▶ **WORK ITEM**: Reproduce the listing below in full and exactly; no pictures belong in the copy.

▶ **THE DATA**:
::::::::

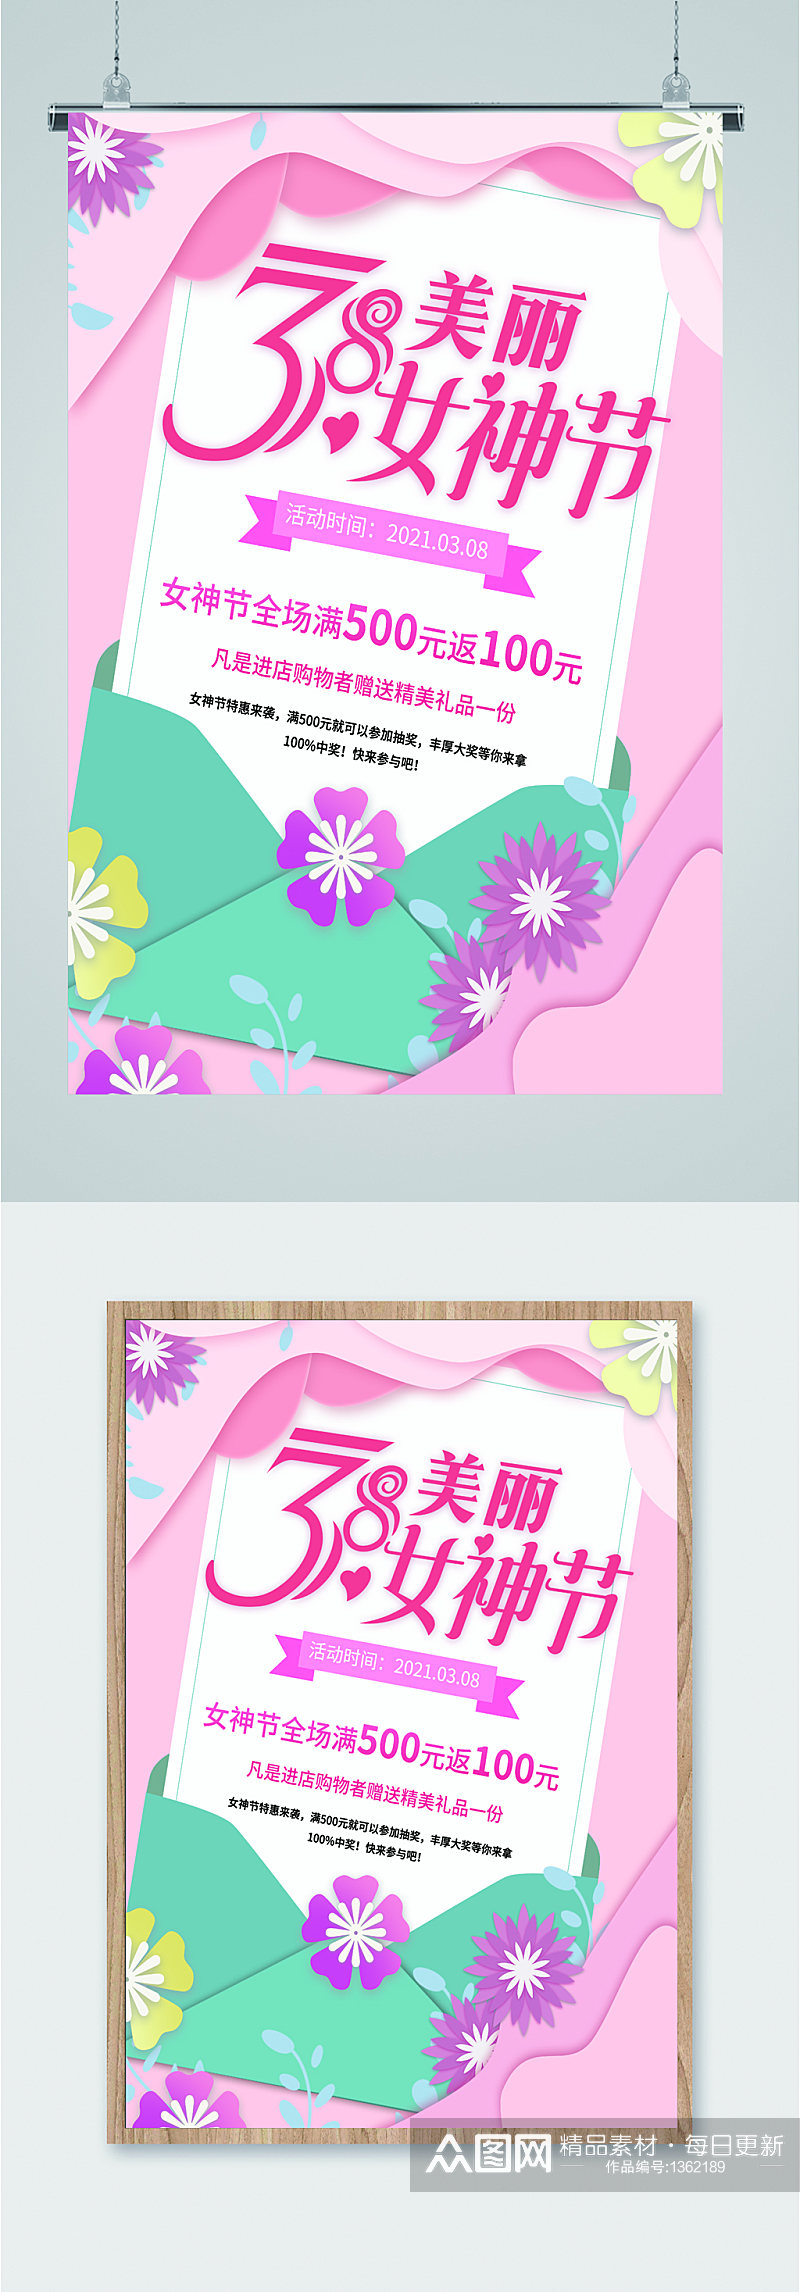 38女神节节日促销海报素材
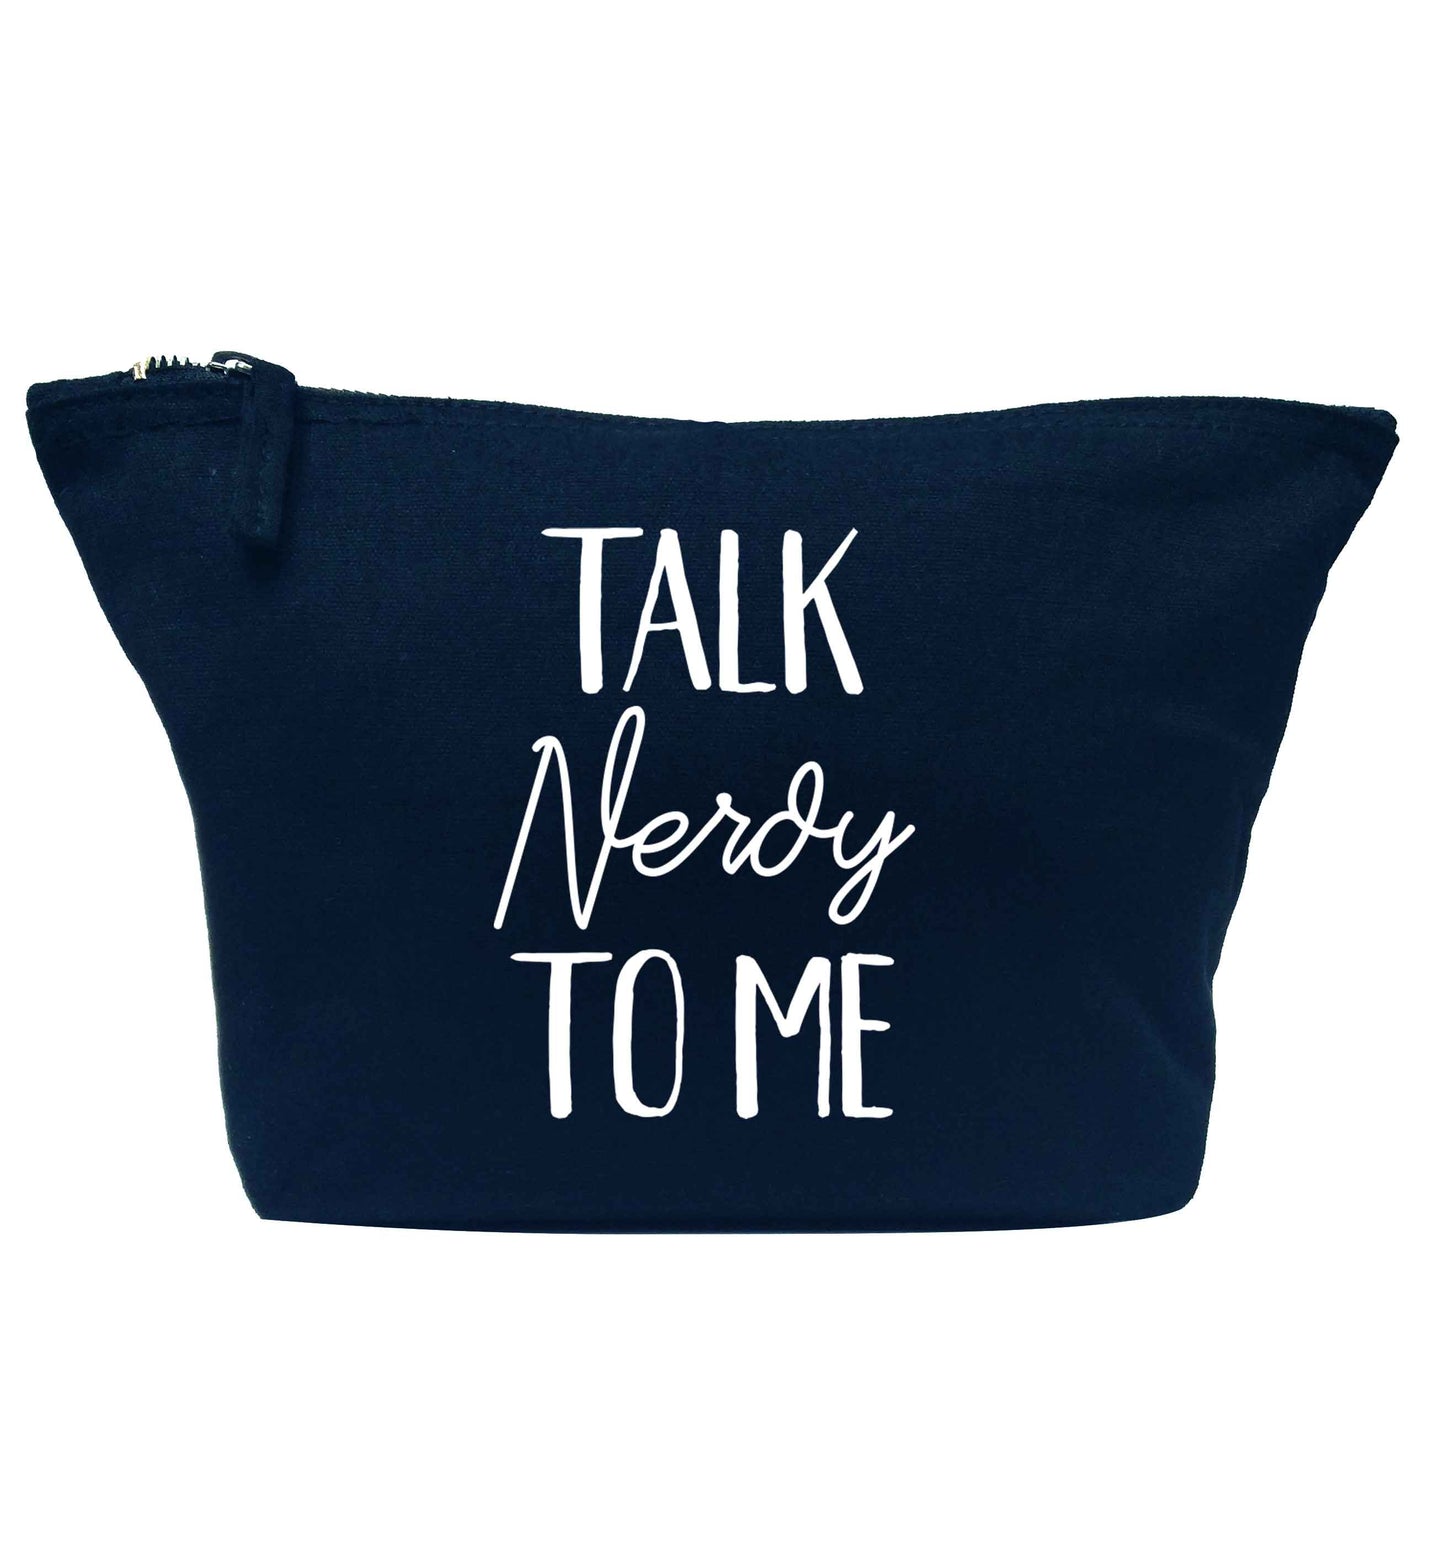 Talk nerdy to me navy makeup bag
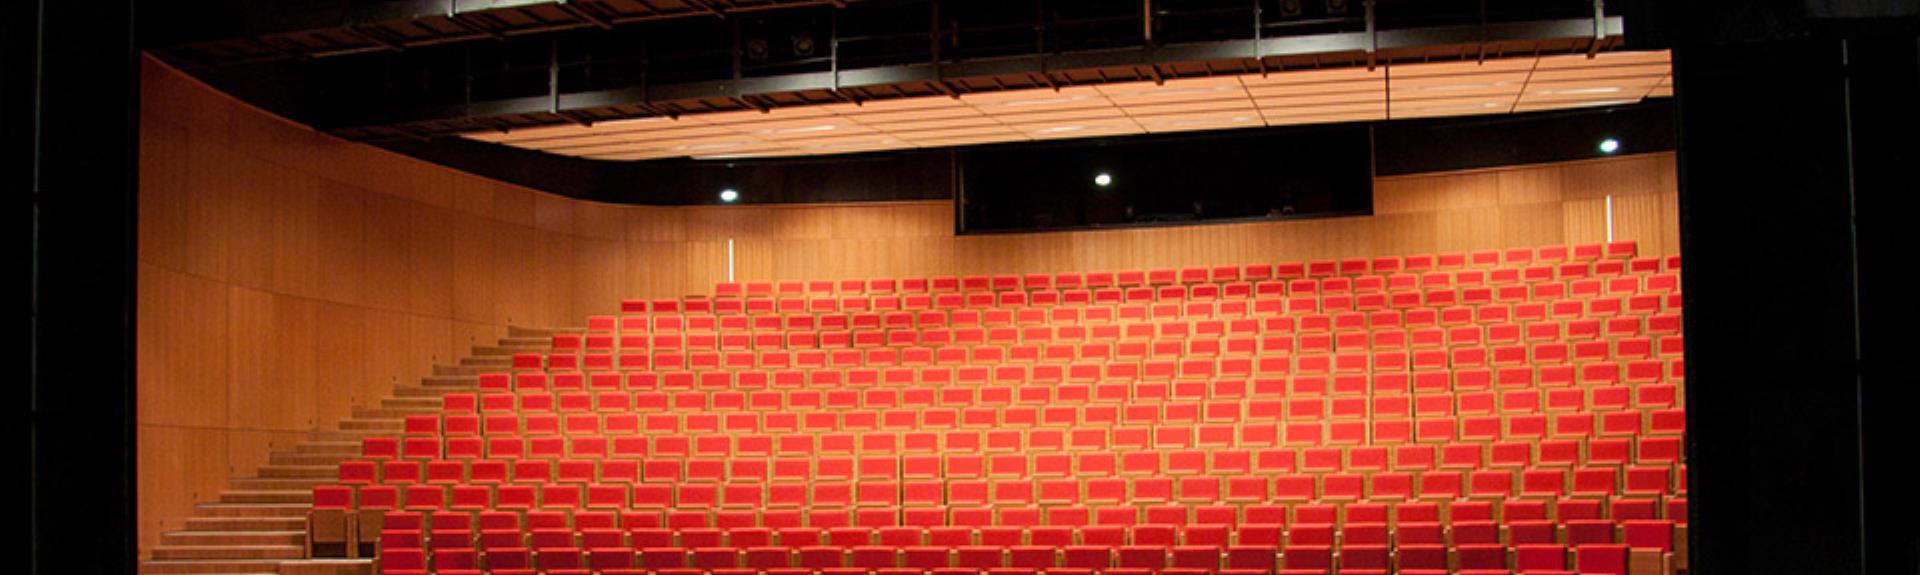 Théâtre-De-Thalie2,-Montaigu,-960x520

::::::::

▶ **TASK ANSWER**:
 38女神节节日促销海报素材
 Talk nerdy to me navy makeup bag
 Théâtre-De-Thalie2,-Montaigu,-960x520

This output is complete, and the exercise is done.